Pac-Man has seduced gamers for three decades. It doesn't look like stopping anytime soon
Ultimately, it was the choice of a few letters that turned Pac-Man into one of the world’s most successful video games ever, instead of an ideal target for adolescent vandals.
For “Puckman” was the name coined by young Toru Iwatani, a designer with Japanese video game developer Namco, for the central character of an offbeat game he came up with in 1980. Iwatani’s game involved a yellow blob racing through a maze, gobbling up the dots in its path. The enemies were four animated blobs, called “ghosts”, which kept crisscrossing the maze in search of Puckman.

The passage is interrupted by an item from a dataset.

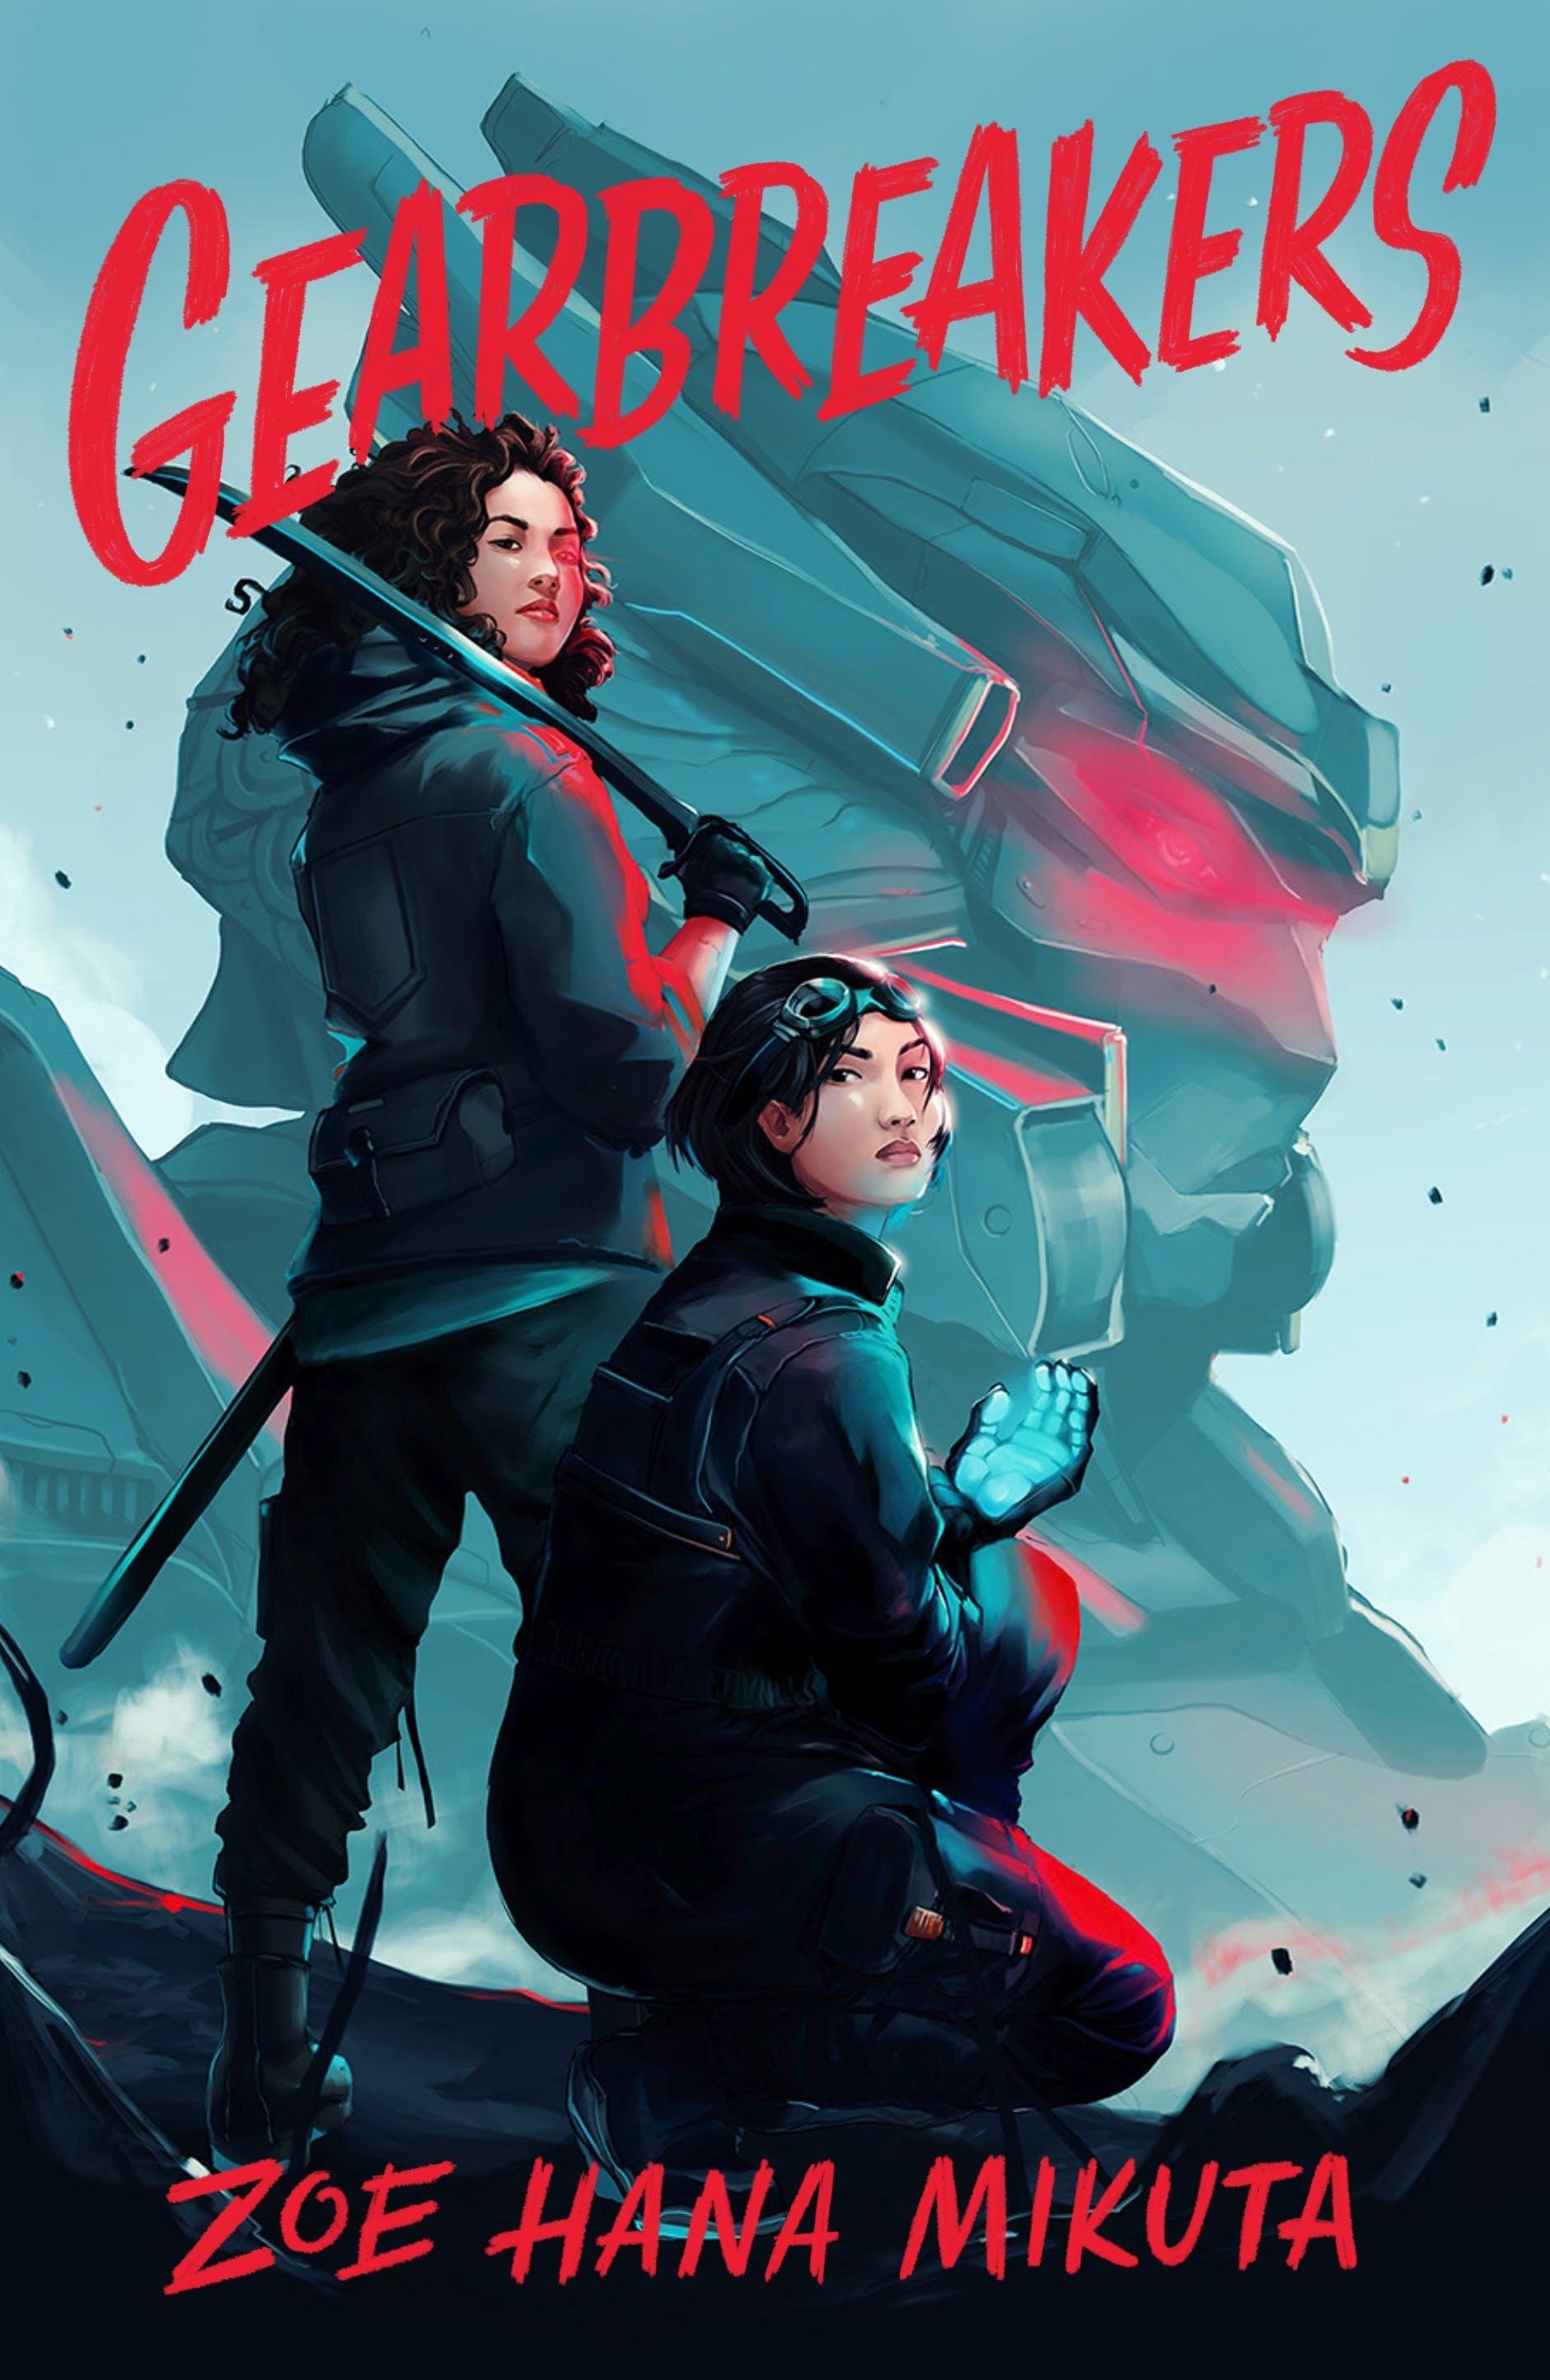 Image of Gearbreakers

After lacklustre adoption in Japan, the game headed out to the USA in 1981 through licensor Midway Games. Fortunately Midway executives were able to imagine what young players armed with a spray-can would do to arcade game machines named “Puckman”, so they renamed it “Pac-Man”. That small act saved the game from spray paint and ridicule, in return for unprecedented success and admiration.
“Pac-Man is like the Bible of gaming,” says Alok Kejriwal, the co-founder and CEO of Games2win, one of the largest video game developers in India. So powerful was the game’s appeal, he adds, that Pac-Man game scores became the de-facto “currency of competitiveness” during the 1980s in schools. “We used to compare Pac-Man scores in school like the youngsters of today compare GMAT scores,” he says.
Experts attribute Pac-Man’s multi-decade success to many individual reasons — uncomplicated gameplay, quirky theme music, easy-to-use controls and a non-threatening game environment that appealed to adults, including women. Though many games before and after Pac-Man have replicated some of these features, very few have been able to replicate all of them.
Pac-Man’s success wasn’t all cultural either. It is estimated to have earned over $100 million in the last three decades for its game developer and its various licensees around the world. There were authorised Pac-Man T-shirts, board games, lunchboxes and music singles. The game itself was spun, legally and illegally, into numerous sequels over the years — Pac-Man Plus, Jr. Pac-Man, Professor Pac-Man and Ms. Pac-Man. Though originally launched as an arcade game, it was soon ported to various devices like game consoles, computers, mobile phones and even iPod music players.